Maximum and minimum of the adjusted edge line are calculated and then the searched parameters (center point and radius) are found.

Points b) and c) can be realized with different known methods, therefore it will not be discussed in more detail.

Claims

Walter Hanke Mechanical Workshops GmbH & Co. KG 067PCT 0168Patentansprüche

A method for determining the exact center of a coin entered in a coin validator, wherein the probable center is determined by means of a sensor arrangement and the image of the coin to be tested is taken, characterized in that, using the image of the coin, a settlement of the edge region of the coin around the probable midpoint and beyond its probable edge, with the shift of the probable midpoint to the exact midpoint of the edge of the coin as an at least approximated sinusoidal line, and that from the analysis of the at least approximately sinusoidal line Using the amplitude and the phase angle of a selected starting point of the exact center is determined.

2. Method according to claim 1, characterized in that the magnitude of the deviation between the probable center and the exact center is determined from the half of the difference of the largest and smallest amplitude of the at least approximately sinusoidal line.

Method according to claim 1 or claim 2, characterized in that the direction of the deviation between the probable center and the exact center is from the mean value of the Location of the largest amplitude and offset by a half-period. Place the smallest amplitude of the at least, approximately sinusoidal line indicating phase angle is determined.
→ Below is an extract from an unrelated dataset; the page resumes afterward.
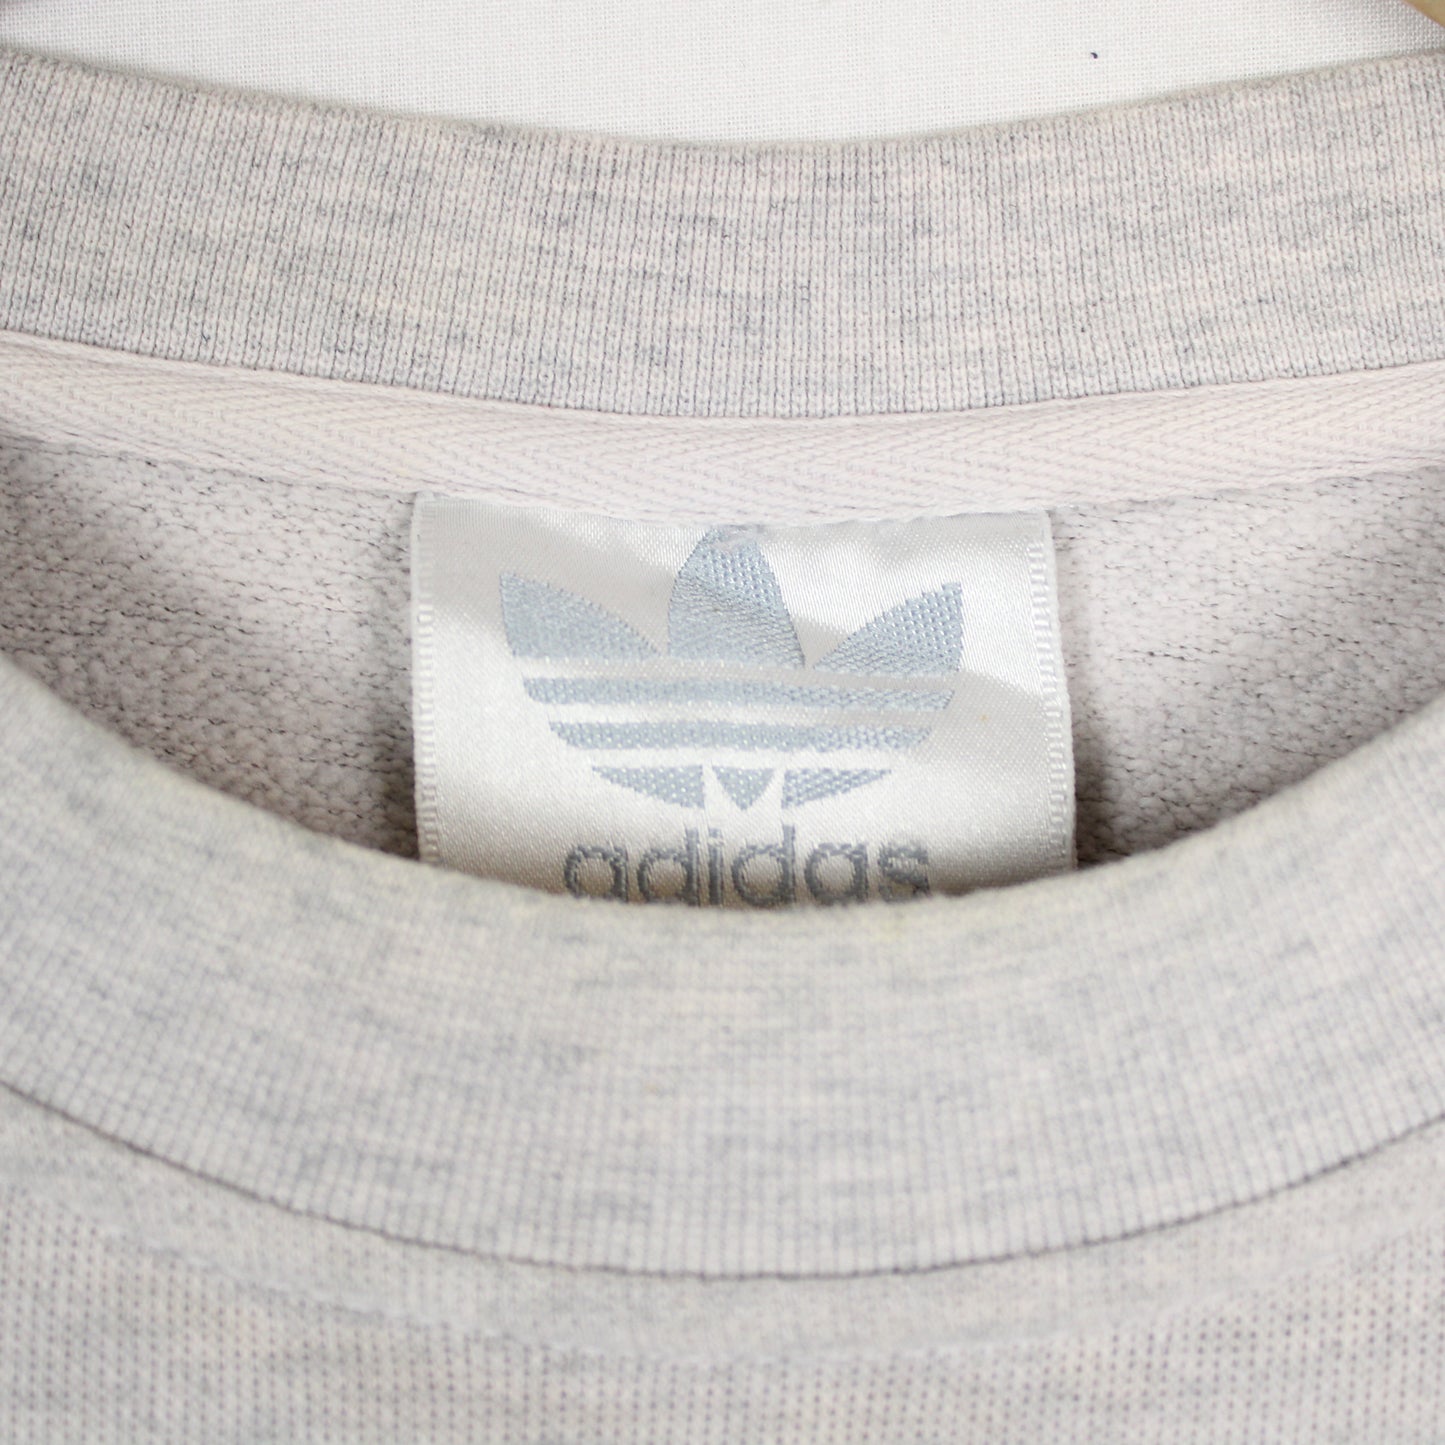 Vintage Adidas 3D Trefoil Sweatshirt - M/L

4. The method according to any one of claims 1 to 3, characterized in that at a provided with corners or waves edge contour of a coin, the at least approximately sinusoidal line is superimposed by a corner or waves representing curve and wherein for determining the at least approximately sinusoidal line Mean value filter is used.

5. The method according to claim 4, characterized in that the number of corners or waves by the number of maxima and / or minima of the total line is determined relative to the filtered approximately sinusoidal line.

A method according to claim 1, characterized in that the largest amplitude of the sinusoidal line is determined with respect to a boundary line of the unwinding area, and that the exact center point is obtained by taking the difference of the value of the largest amplitude and the value of the amplitude of the sinusoidal line in FIG With respect to the boundary line at the phase angle -90 ° is determined.

7. The method according to any one of claims 1 to 6, characterized in that the exact radius of the coin from the sum of the radius of the inner boundary line of the edge region and the half sum of the largest and smallest amplitude of the at least approximately sinusoidal line is determined.